PROMPT: Transcribe the entries below exactly, starting with the line that has "Crushed DC Nike" and stopping after the line that has "No one can possibly"; no pictures belong in the copy.

STUDY MATERIAL Start Marker

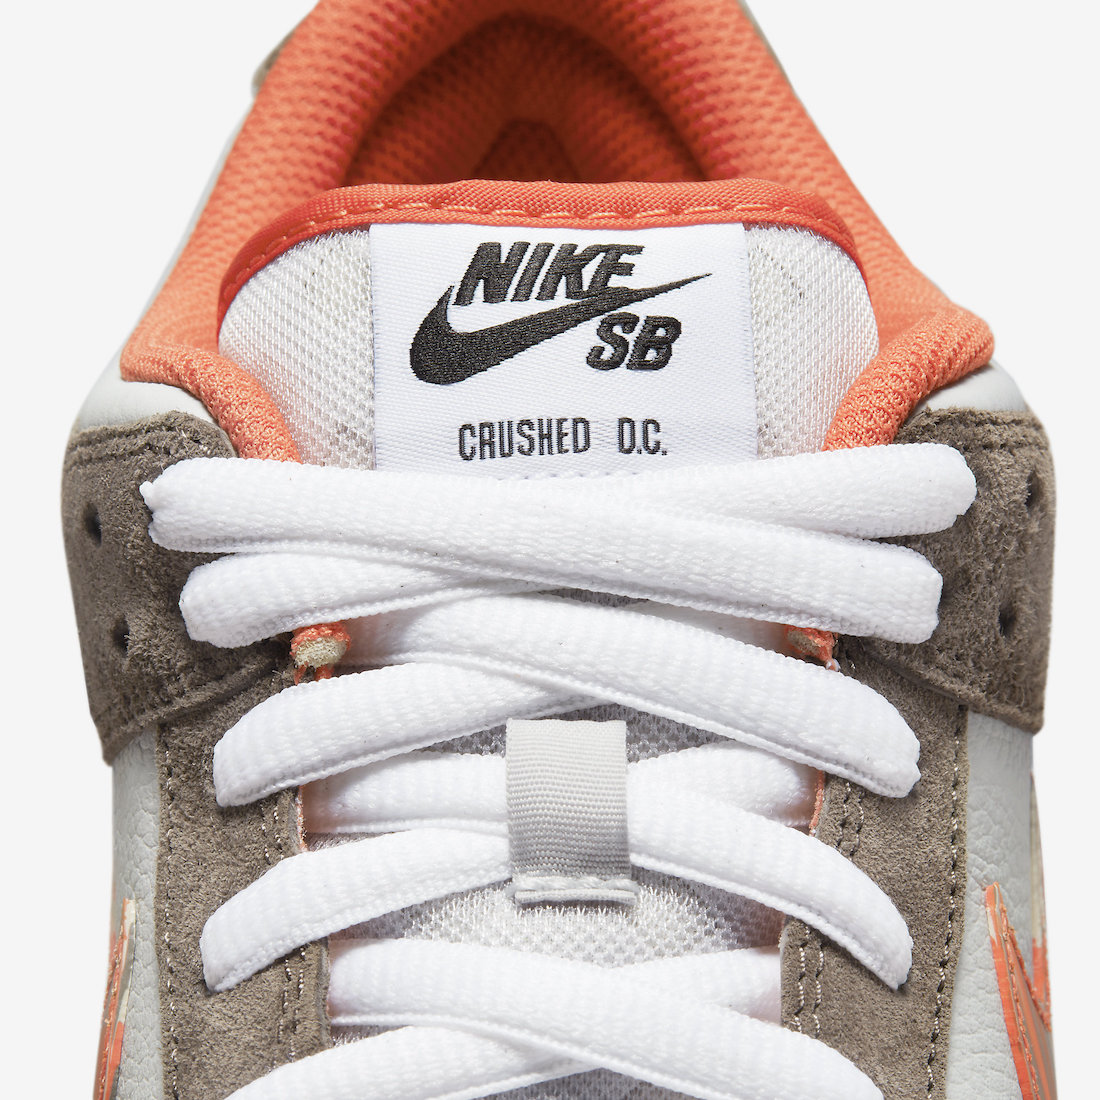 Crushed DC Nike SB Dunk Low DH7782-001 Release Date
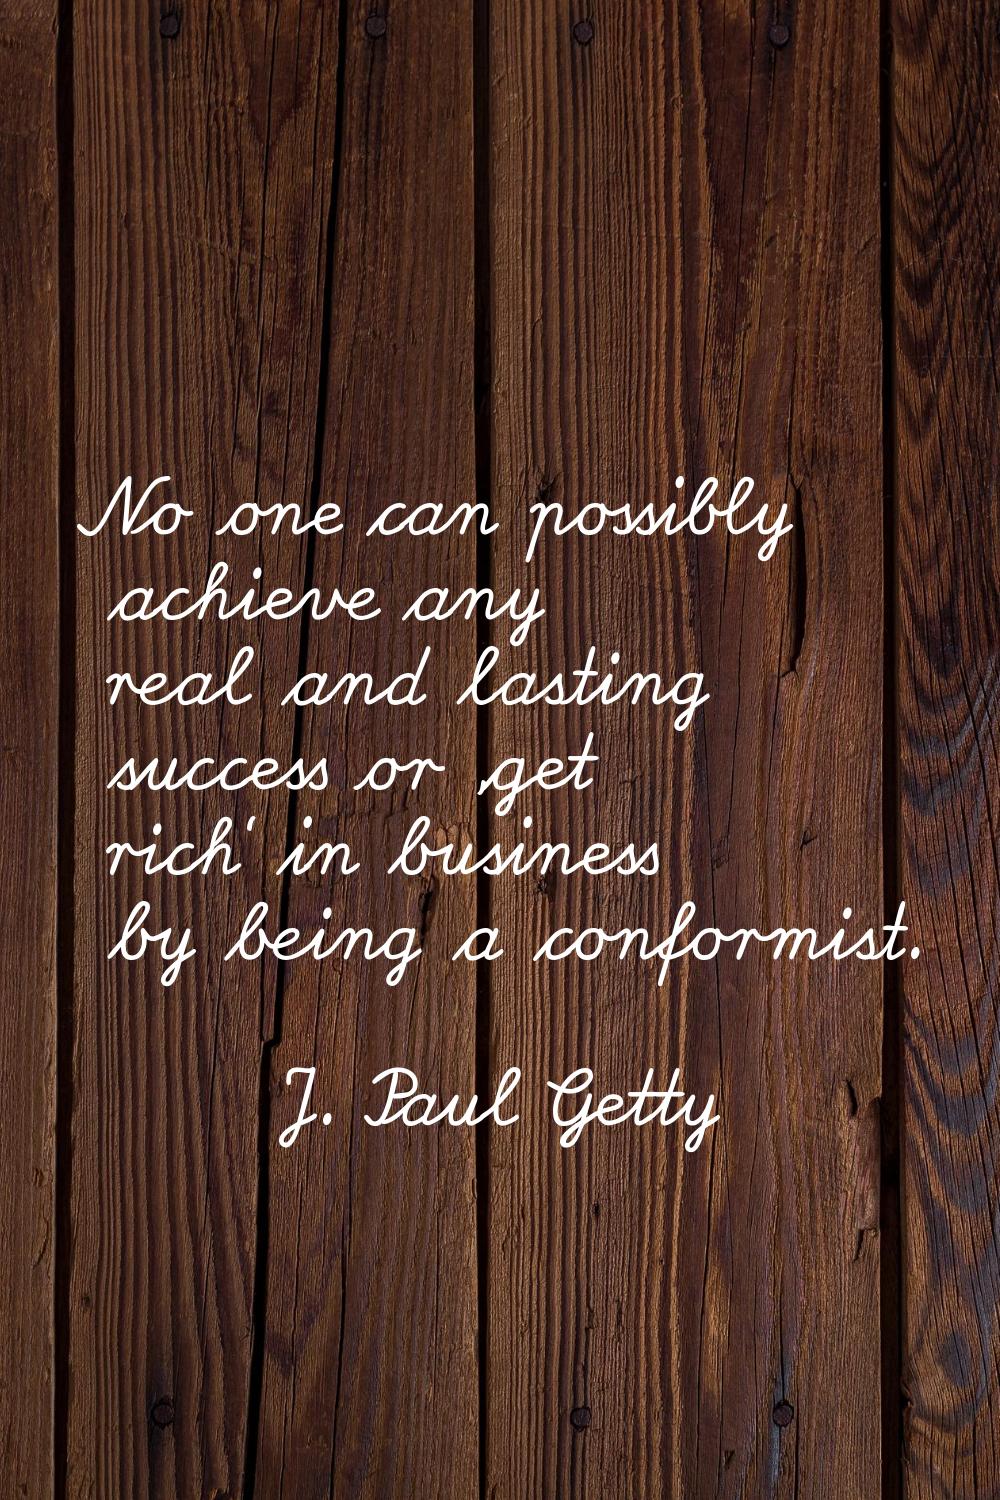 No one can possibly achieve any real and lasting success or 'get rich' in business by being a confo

STUDY MATERIAL End Marker
STUDY MATERIAL Start Marker

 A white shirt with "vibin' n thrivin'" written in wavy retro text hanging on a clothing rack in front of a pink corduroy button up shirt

STUDY MATERIAL End Marker

REPLY:
 Crushed DC Nike SB Dunk Low DH7782-001 Release Date
 No one can possibly achieve any real and lasting success or 'get rich' in business by being a confo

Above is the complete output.